Socioeconomic data. As a proxy for school-level socioeconomic status (SES), we obtained data on the percentage of students at each school eligible for the National School Lunch Program (NSLP) (20). Students eligible for this program had family incomes at or below 185% of federal poverty guidelines. Our SES data also indicated which schools did not participate in NSLP; the prevalence of obesity at these nonparticipating schools was lower than the prevalence at participating schools that had low percentages of eligible families (ie, schools with high SES).

Additional derived variables. Our modeling data set contained several derived variables in addition to the student height and weight measurement and demographic data provided by schools. We computed BMI percentile using a CDC-developed SAS program (21) and created a binary obesity variable indicating students at or above the 95th percentile for age and sex (ie, CDC’s definition of obesity). We recoded student data on race/ethnicity into 3 categories to ensure adequate sample size for each: non-Hispanic white, non-Hispanic AIAN, and other. The racial composition of the “other” category varied significantly by school district.

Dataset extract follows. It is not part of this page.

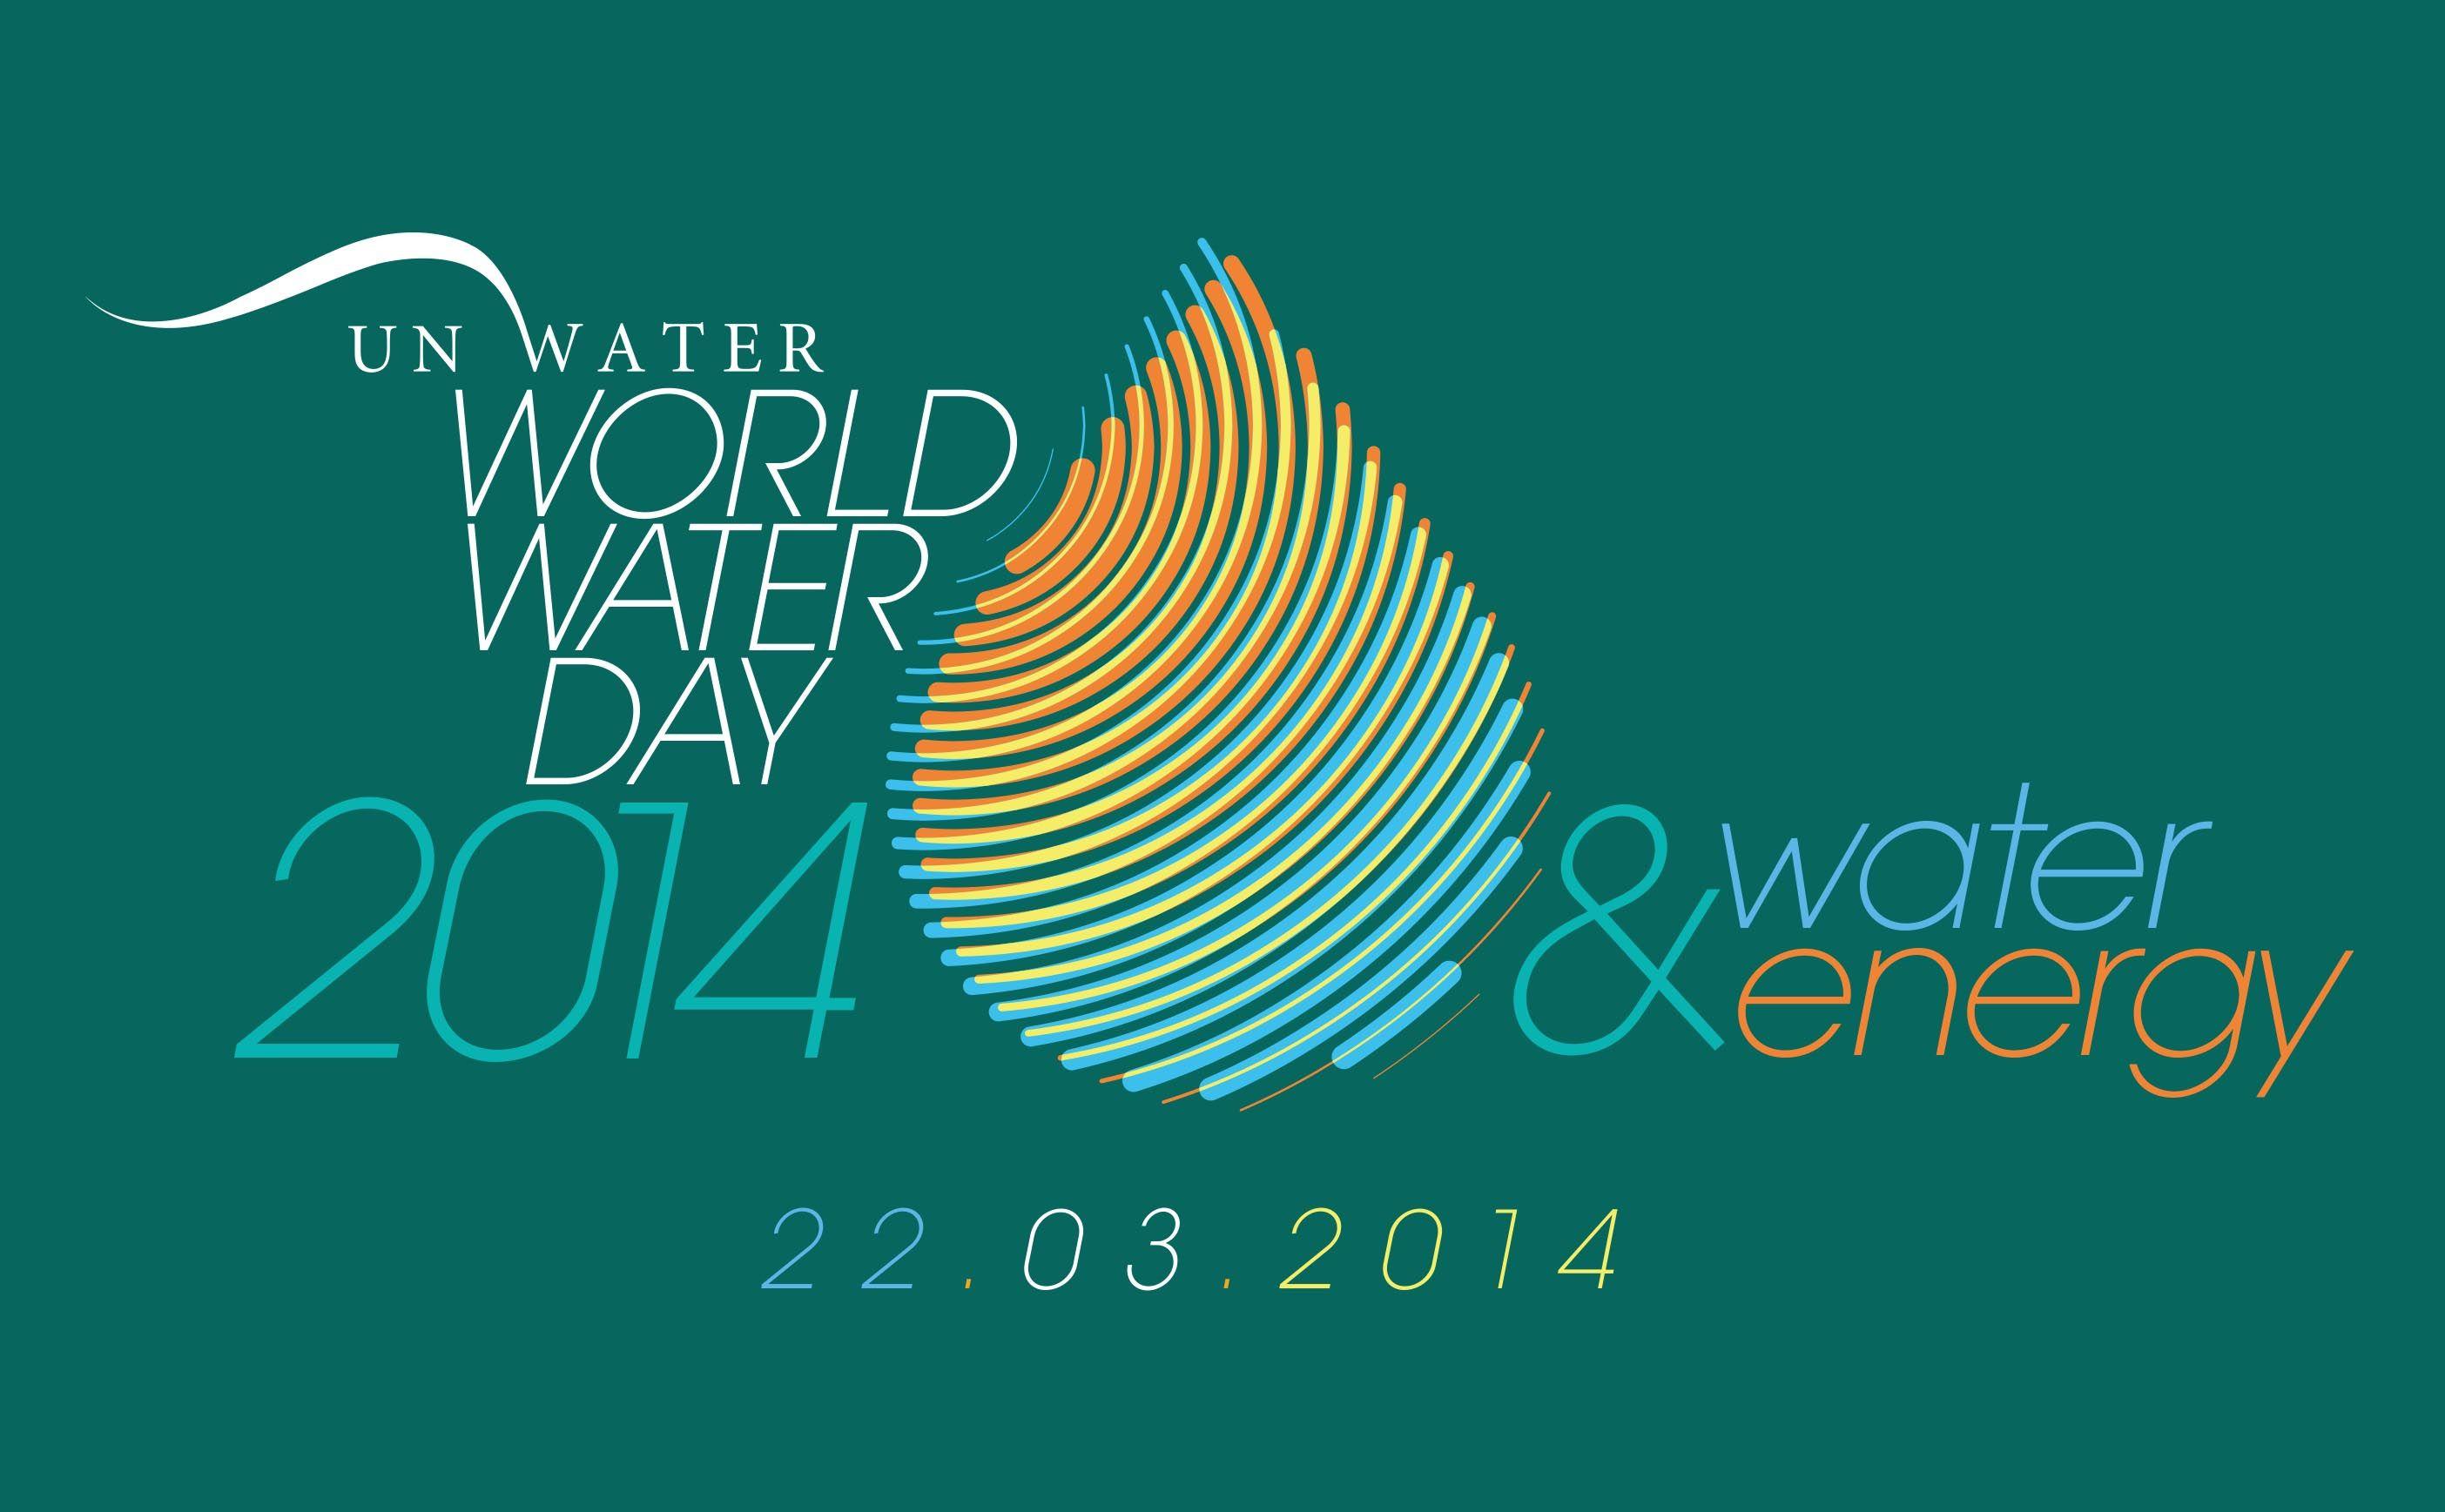 Světový den vody: Na konferenci v Praze se probíraly povodně, abnormálně suchá zima i problémy s vodovody a kanalizacemi
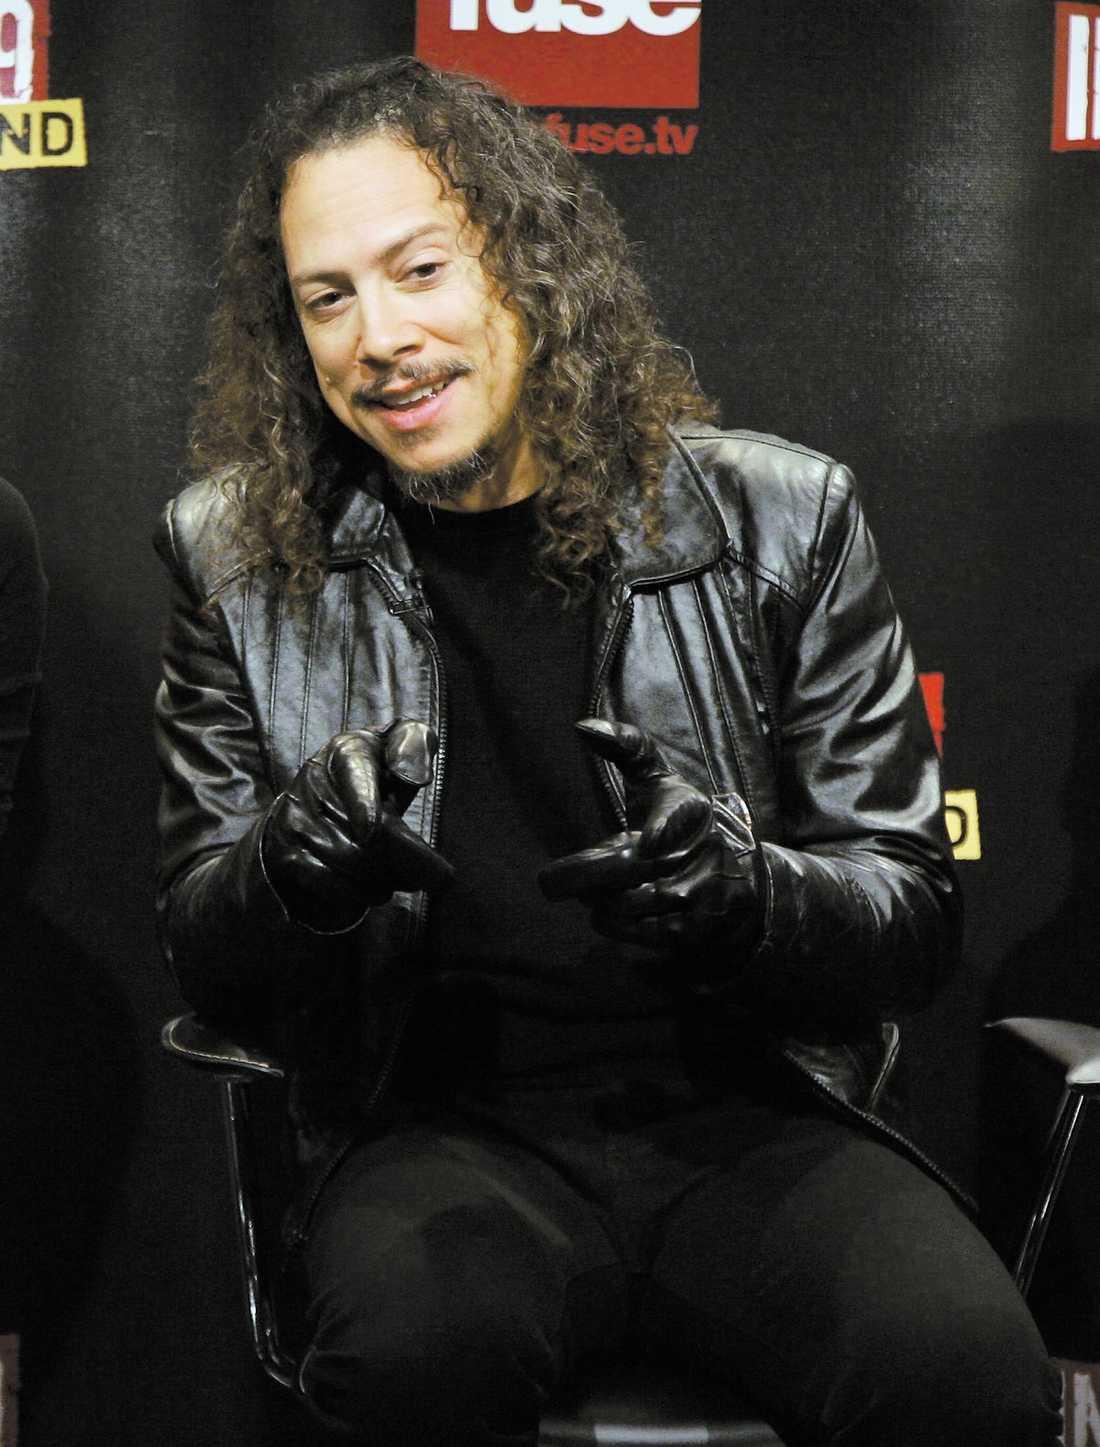 """Kirk Hammett ser fram emot att återvända till Sverige och möta Metallicas kanske mest hängivna fans. Men han brottas fortfarande med tunga minnen från dödsolyckan i Småland för 22 år sedan. """"Men vi har aldrig låtit den händelsen svärta ner hur vi ser på landet i stort"""", säger han."""

We also created several school-level variables. Because of obesity’s associations with poverty and environmental factors (sociocultural and physical), the racial/ethnic composition of a community can be associated with childhood obesity because of factors other than the race/ethnicity of the children (22). To account for community race/ethnicity, we created 2 variables indicating the percentage of enrolled AIAN students and the percentage of enrolled other-race students at each school. Using our NSLP eligibility data, we created 3 school-level SES categories: low SES (≥45% eligibility), high SES (<45% eligibility), and nonparticipating school. We chose 45% as a cutoff value because it corresponds with Alaska’s eligibility criteria for low-income school funding. Finally, we also created variables ranking school size and indicating metropolitan area or nonmetropolitan area, although neither variable was included in our final model.

Modeling student obesity

Model specification. We created a mixed-effects logistic regression model to predict the prevalence of student obesity based on demographic factors while accounting for data clustering and random effects at the school level. We developed all aspects of the model using Stata 13.1 software (StataCorp LP), using the “meqrlogit” command with default options.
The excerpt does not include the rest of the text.